Darragh Murphy09 Jun 2019 AT 12:46 PM

10 best retro games you need to go back and play

These really were the golden days
Darragh Murphy09 Jun 2019 AT 12:46 PM
10 best retro games you need to go back and play

We’re living in a golden age of gaming, with an incredible range of interactive experiences to suit all tastes. Even so, it’s hard not to occasionally pine for the simpler days of the arcade era, where the best retro games - those fantastic eight-bit and 16-bit titles - turned us into the healthy, sleep-shirking addicts we are today.
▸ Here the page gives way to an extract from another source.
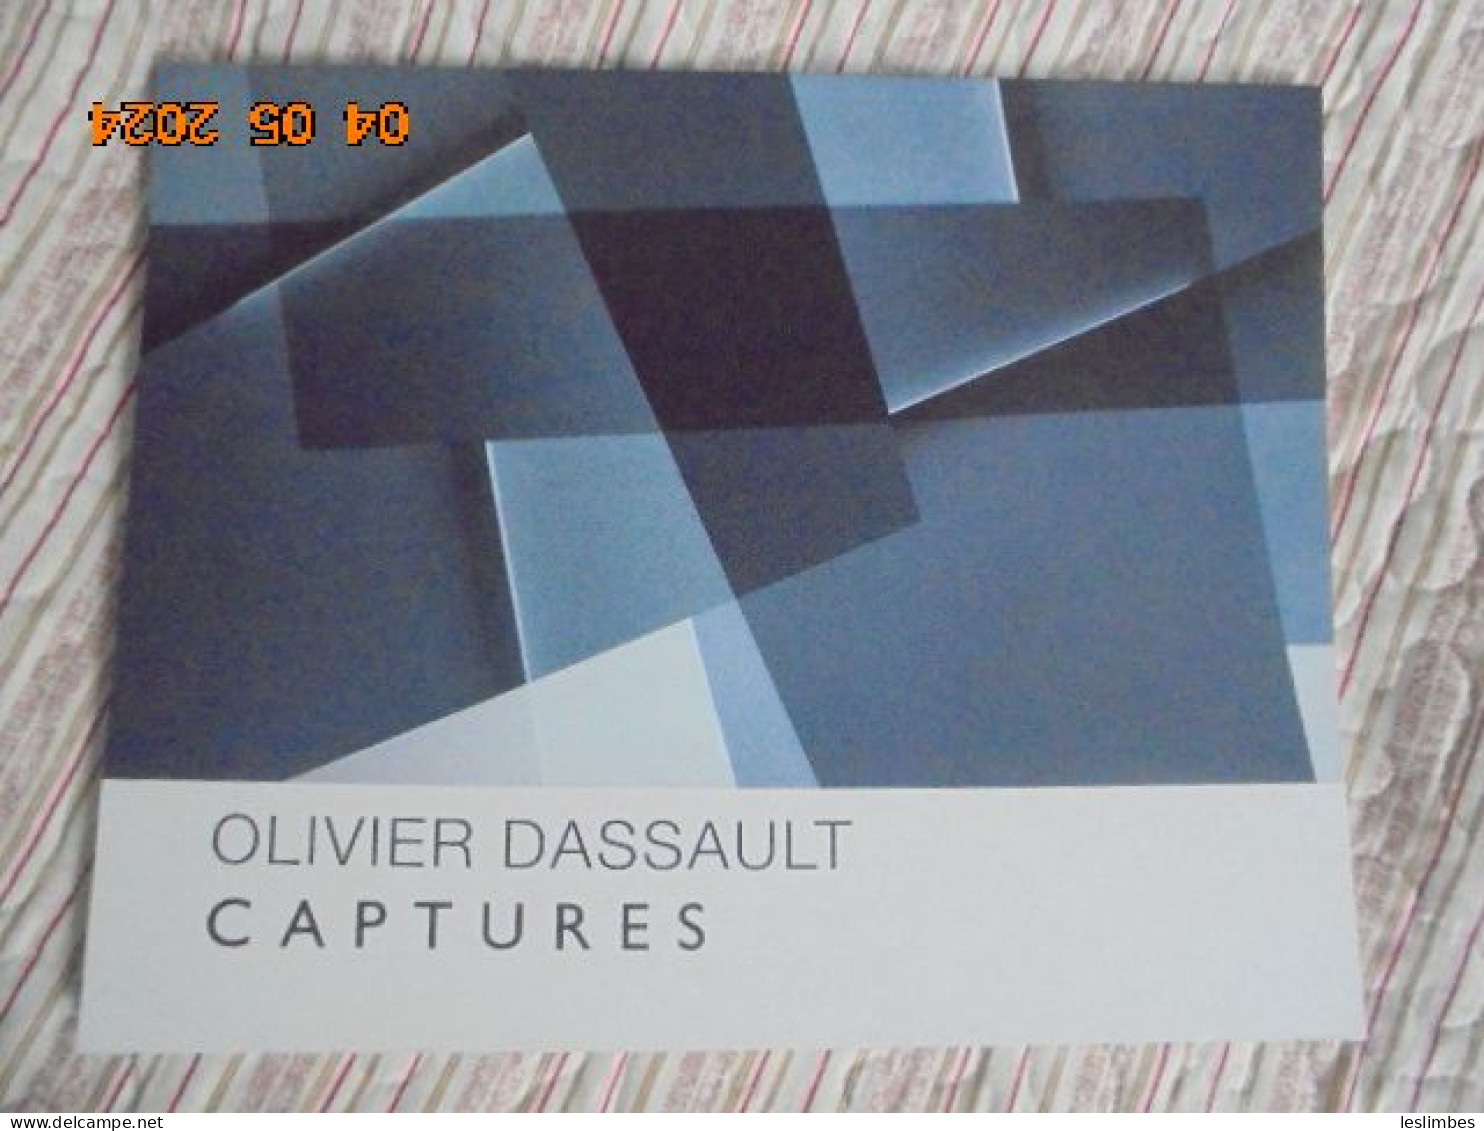 Olivier Dassault : Captures - Guy Pieters Gallery 2014 - Art

Have a gander through our top ten picks for the best retro games that kick started the gaming world (in no particular order). Warning: Expect a lot of Mario.

Super Mario Kart
While everyone has their favourite Mario Kart – from the four-player-thrills of Mario Kart 64 to the weaponised mayhem of Double Dash!! – few would deny the SNES game’s claim to top spot. It’s aged beautifully – and, unlike many of its successors, every victory is hard-earned. Gaming’s finest spin-off.

Super Mario Bros. 3
Having pretty much invented the platform game, Nintendo reinvented it with the secret-packed Super Mario Bros. 3, then repeated it with Super Mario World. The two best side-scrollers of all time, it’s a hard job to separate them. The sprawling ambition of Super Mario Bros. 3 or the invention of Super Mario World? The Frog Suit or Yoshi? The Super Leaf or the Cape Feather? We’ve plumped for SMB3, but they’re so close to gaming perfection, there’s nothing in it.

Street Fighter II Turbo
It’s teaching friends how to do the perfect dragon punch motion. It’s beating that bigger kid by doing Blanka’s electric attack. It’s unlocking Akuma and then immediately losing half of your life bar within seconds. Turbo might be the definitive version of Street Fighter II, but whichever one you played, the memories will no doubt still vividly linger.

Tetris
It’s odd to think that a game focusing on finding the best way to successfully arrange a group of coloured blocks should have been at its best when played on a machine that was incapable of displaying more than four shades of greenish-grey. But, regardless, the Game Boy version of Alexei Pajitnov’s opus was simply the perfect match between game and hardware.

Outrun
A high-end car, a beautiful track, blue skies and a long strip of road to the horizon. It’s not so much a race as a high-speed cruise, taking you on the ultimate US road trip.

Streets Of Rage 2
Two players, two pads, too many fizzy drinks: the only way to play Sega’s bruising brawler was with a partner. It was a rival to Capcom’s Final Fight, but this game definitely had the edge, which was partly due to Yuzo Koshiro’s particularly memorable score.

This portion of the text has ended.